Sunday, July 6, 2025

Limited experience

I was home alone this week and needed advice on how to warm up the cholent. I went to one neighbor and asked how high should the flame be on the blech. She said she didn't know because she uses a hot plate. I asked her should the crock pot be on auto or low. She said that she doesn't know because she uses the hot plate. I asked if the bag that the kishka comes in is edible. She said, she doesn't know because she doesn't make kishka. So here's a frum woman, a Haredi woman, and she can't answer questions about cholent cooking. She knows only her exact way of making it. She directed me to another neighbor. This lady also knew nothing about crock pots, but she does use a blech and told me to put the flame on the lowest level, and then to keep the pot off the flame. I said, what about if you use a tin, which we do, how high should the flame be then? She said she didn't know as she doesn't use a tin. She did know about the kishka bag.

Moral of the story, most from frum people are very limited in their life experience. Even when it comes to cholent. Not only are they not curious about the world, they aren't even curious about the frum world. I'm not talking about their knowledge of Paris here. They only know exactly what they know about cholent! So usually you can't rely on their advice. They just push you to be like them, and that does not necessarily work for the BT.

Another example, an old lady in Brooklyn reacted in shock when I moved out of there. Why would you leave Brooklyn? Why? Because the houses cost $1.2 million. She doesn't  know that her husband bought their house in 1956 when it was affordable. She doesn't know that her house now is worth $1.2 million and that translates into a deposit and mortgage that few people can afford. 

She also doesn't consider that I don't have relatives in Brooklyn. Where was she that day? She was at her daughter's house. I don't have family in Brooklyn. So on Shabbos I'll be all alone. Frum people in Brooklyn visit their families. Thus, it is better for me to move to a friendly and less expensive place like Detroit or Memphis. 

She might say how can you move to those places. They aren't as frum. Many New Yorkers have this view of out of town. It's not necessarily accurate. You can be just as frum in Cleveland or Toronto as New York and your middos will be better. which is a major part of being frum. But I asked one rabbi about moving to Cleveland and he said to me, you want to be in a place that's growing. 

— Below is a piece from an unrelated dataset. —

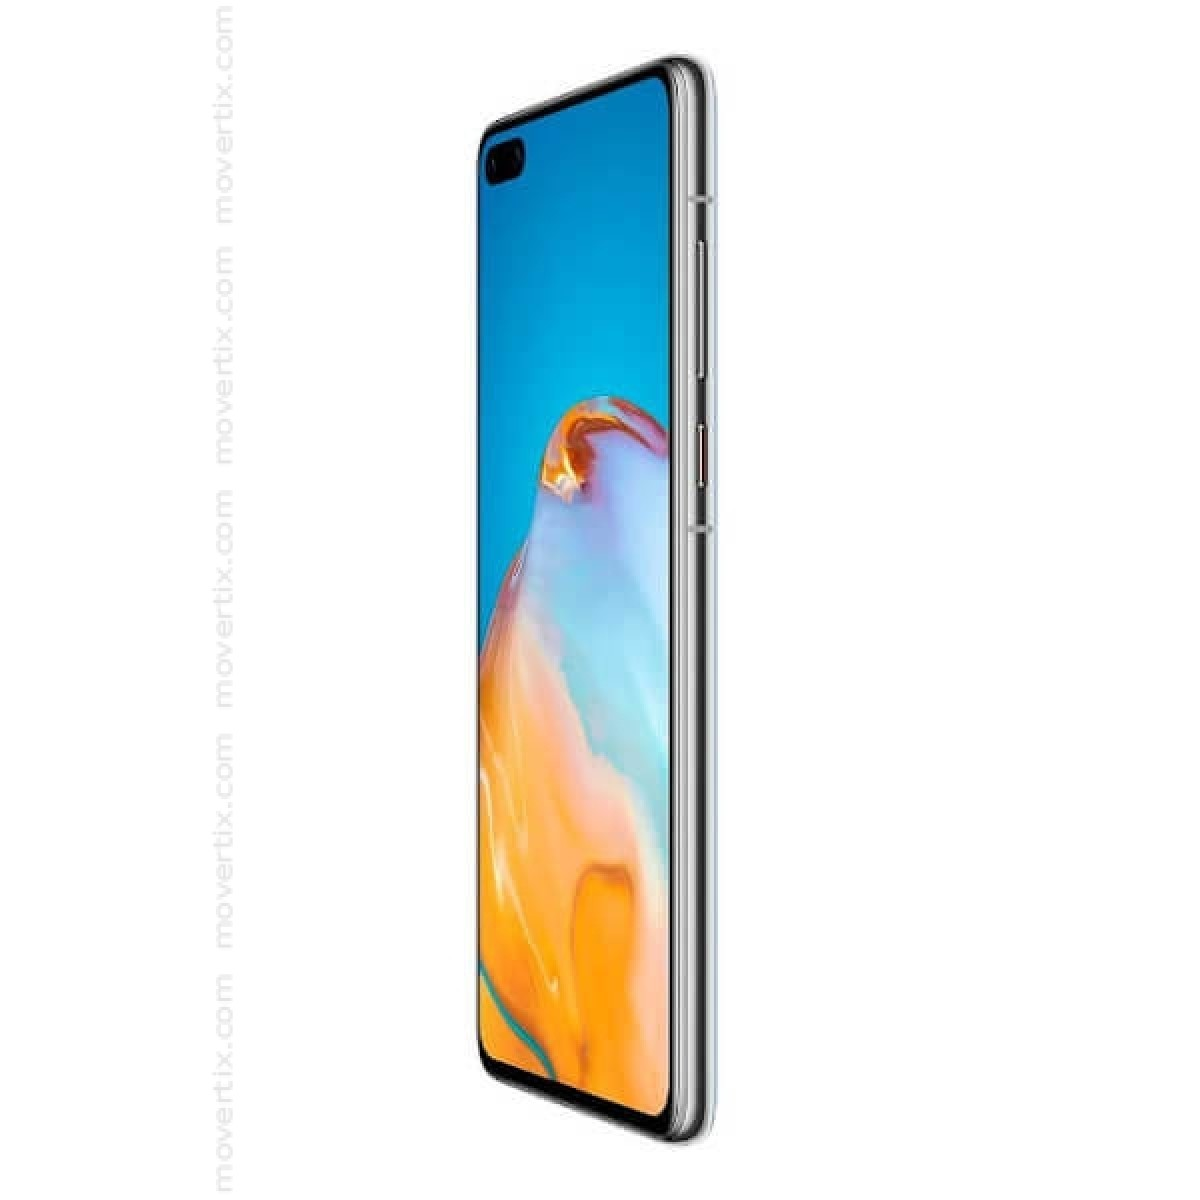 Huawei P40 Pro Dual Sim Ice White 256gb And 8gb Ram 6901443376933 Movertix Mobile Phones Shop

Do I? I think that's a New York sentiment. It's part of the relishing of wealth. They want to see construction.

I don't need all that. What I need is a shul and a mikva. I don't need 100 shuls and 100 mikvas. 

What I need is a friendly place that I can afford. And he was wrong on another count, those places are growing. He didn't know all that because he has limited life experience. He never left Monsey, even for weddings he wouldn't leave. He'd never been to any of those cities. It doesn't matter that he learned lots of Torah. He didn't know the practicalities of life outside of New York. 

Another example. When I became frum, two rabbis pushed me to study in Israel. I resisted. I had no interest in that. I felt that I was going through enough changes. They didn't understand that because they never went through such changes. And Israel was too much for me in the end. I was very damaged by my time there. 

But not only that. These are yeshiva men and to them having a rav is essential. Those were the days before the Internet and before cheap phone plans. Even mail was expensive. We used to send this thin blue envelopes. So even if I had found a rav in Israel, which I didn't because the yeshiva I attended was a nut house, what would happen when I left? These men don't think about that because their kids have rabbanim from their yeshiva days in New York. They go to Israel for a year and come back to their families and their rabbi. They didn't consider that my situation was entirely different. They only know theirs. And what was I coming back to? I gave up my apartment. Am I returning to live with non-frum relatives 100 miles from kosher food? They didn't consider this because their kids go to Israel and come home to stay with them. They only know their limited life. They didn't stop to consider that my situation as a BT is entirely different.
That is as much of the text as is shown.